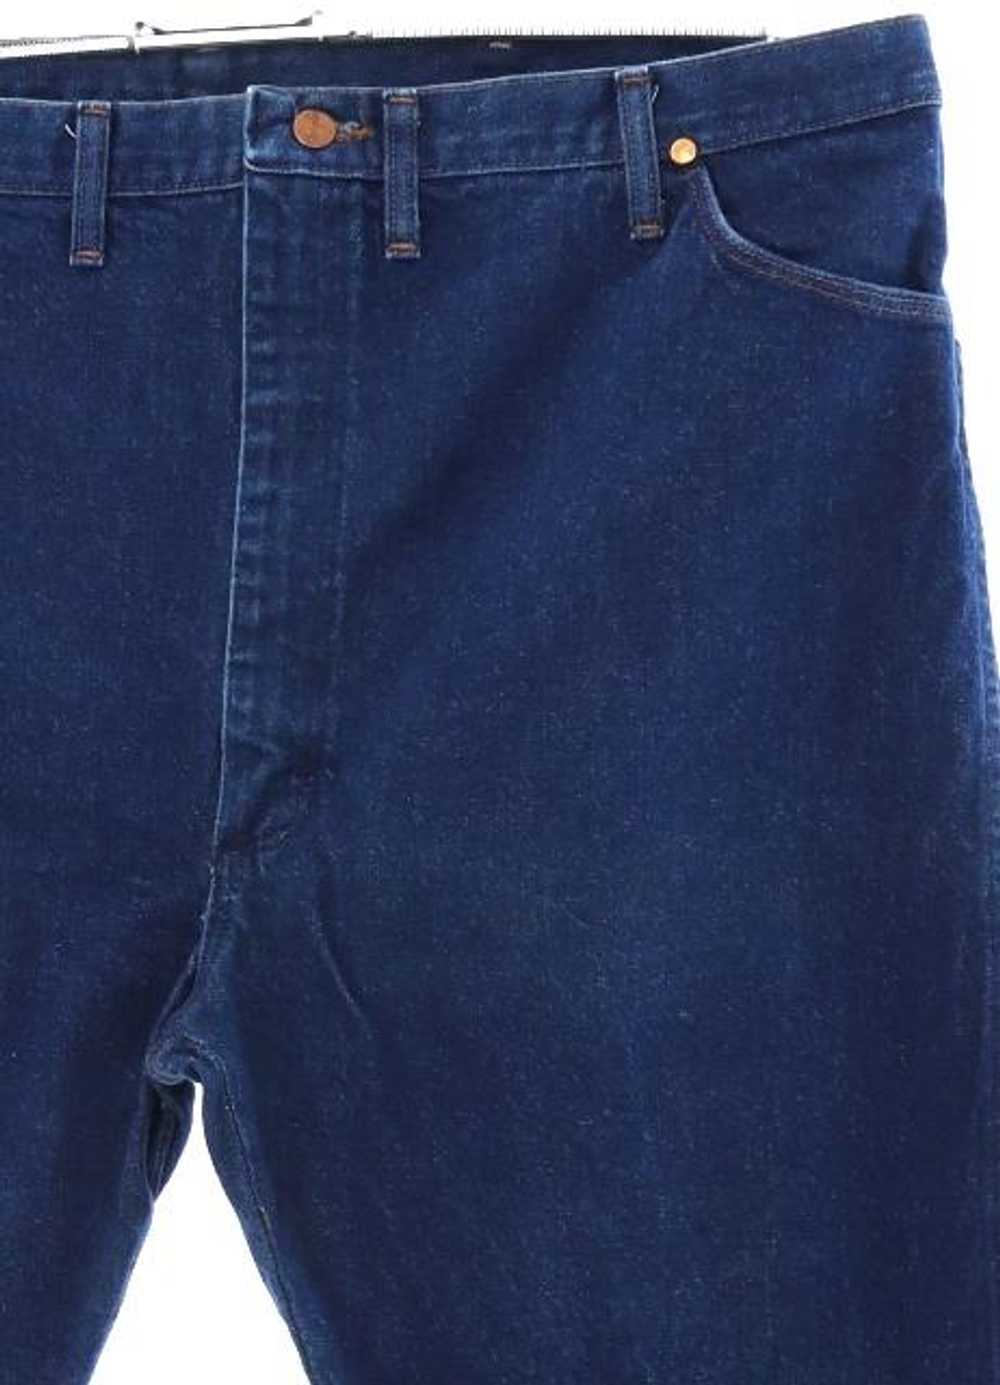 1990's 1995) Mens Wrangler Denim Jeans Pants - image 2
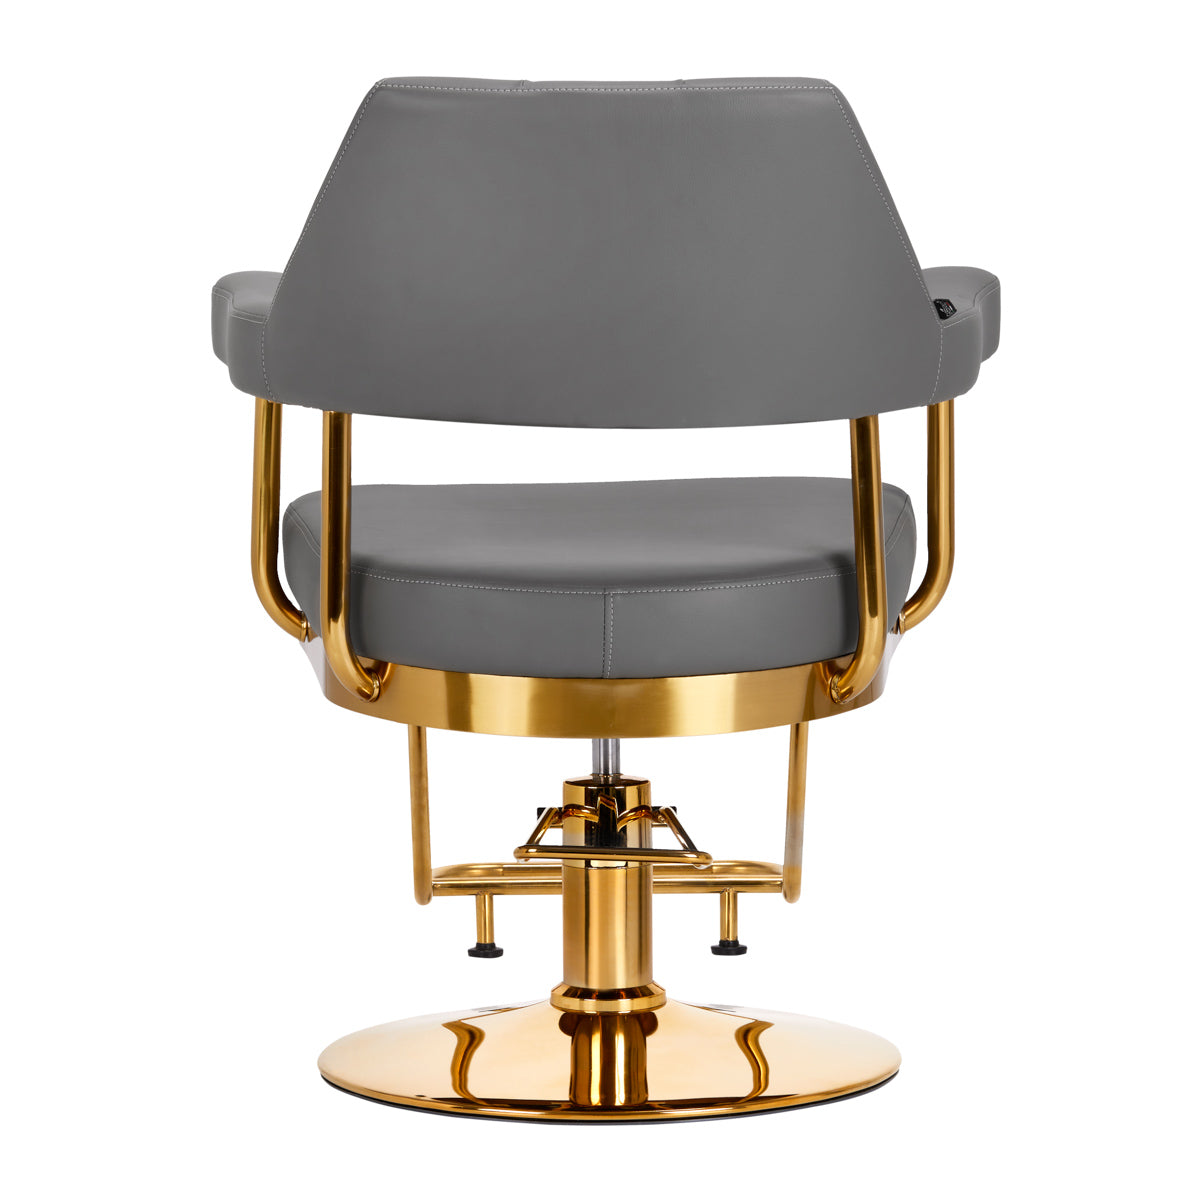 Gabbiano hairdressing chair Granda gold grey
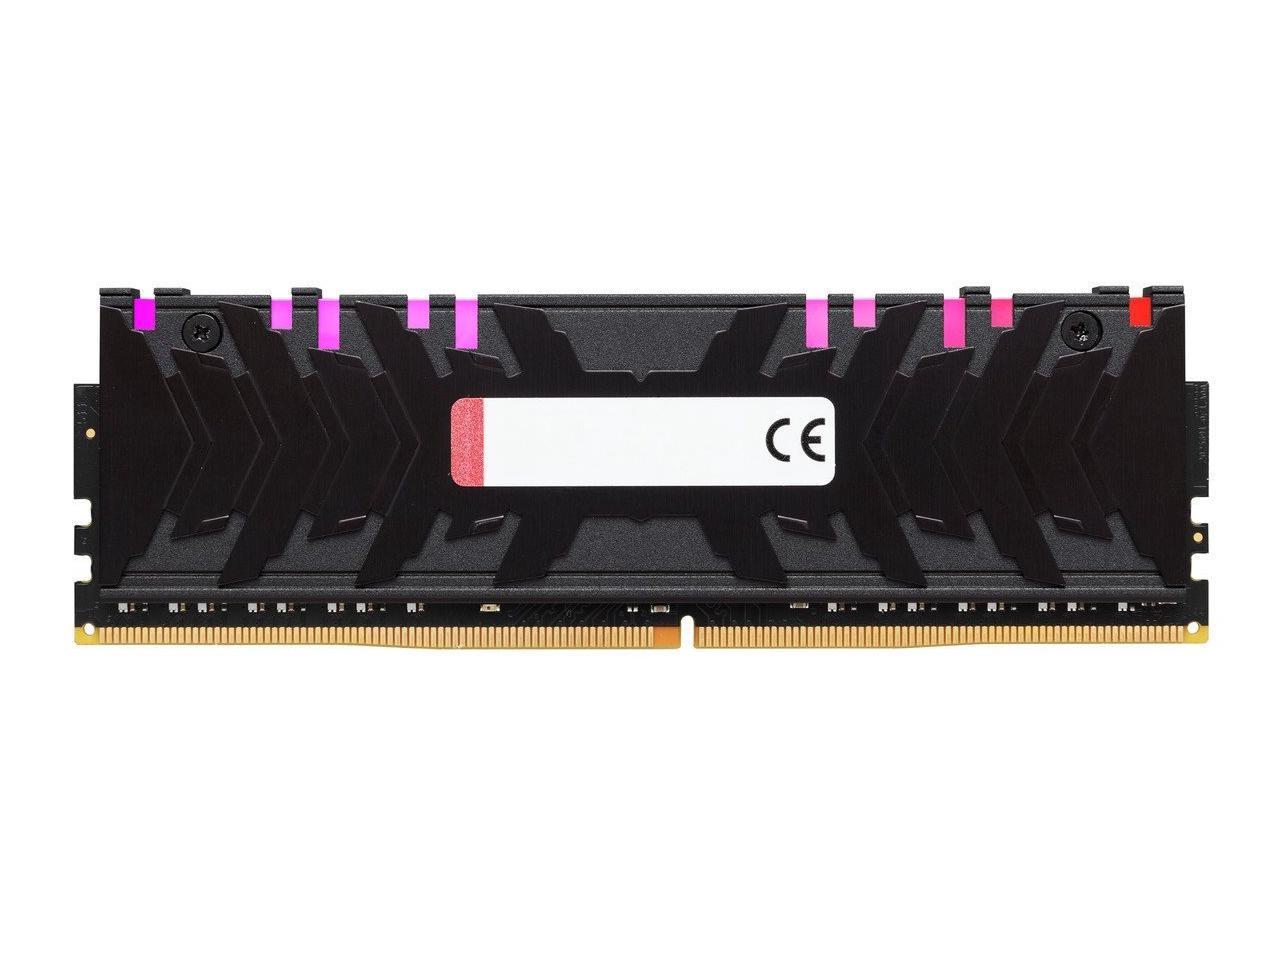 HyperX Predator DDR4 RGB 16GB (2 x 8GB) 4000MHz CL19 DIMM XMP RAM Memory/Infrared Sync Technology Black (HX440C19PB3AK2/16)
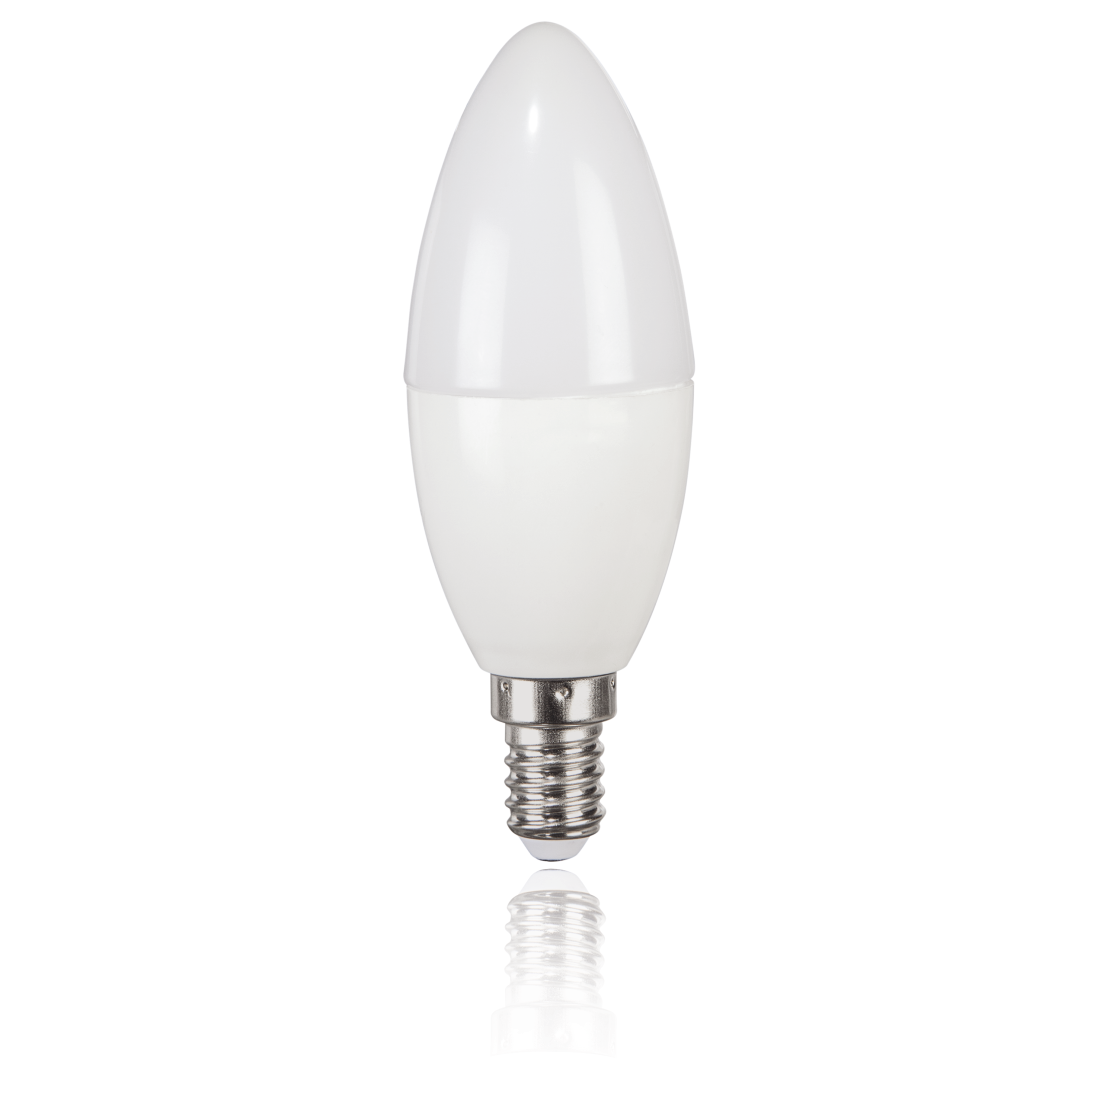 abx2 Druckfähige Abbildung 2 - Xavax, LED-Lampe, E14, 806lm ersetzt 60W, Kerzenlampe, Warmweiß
--------------------------------
▸ **Directions**: From the first line to the last, return the material above exactly, apart from the pictures.

▸ **Problem solution**:
 1990's 1995) Mens Wrangler Denim Jeans Pants - image 2
 Gabbiano hairdressing chair Granda gold grey
 HyperX Predator DDR4 RGB 16GB (2 x 8GB) 4000MHz CL19 DIMM XMP RAM Memory/Infrared Sync Technology Black (HX440C19PB3AK2/16)
 abx2 Druckfähige Abbildung 2 - Xavax, LED-Lampe, E14, 806lm ersetzt 60W, Kerzenlampe, Warmweiß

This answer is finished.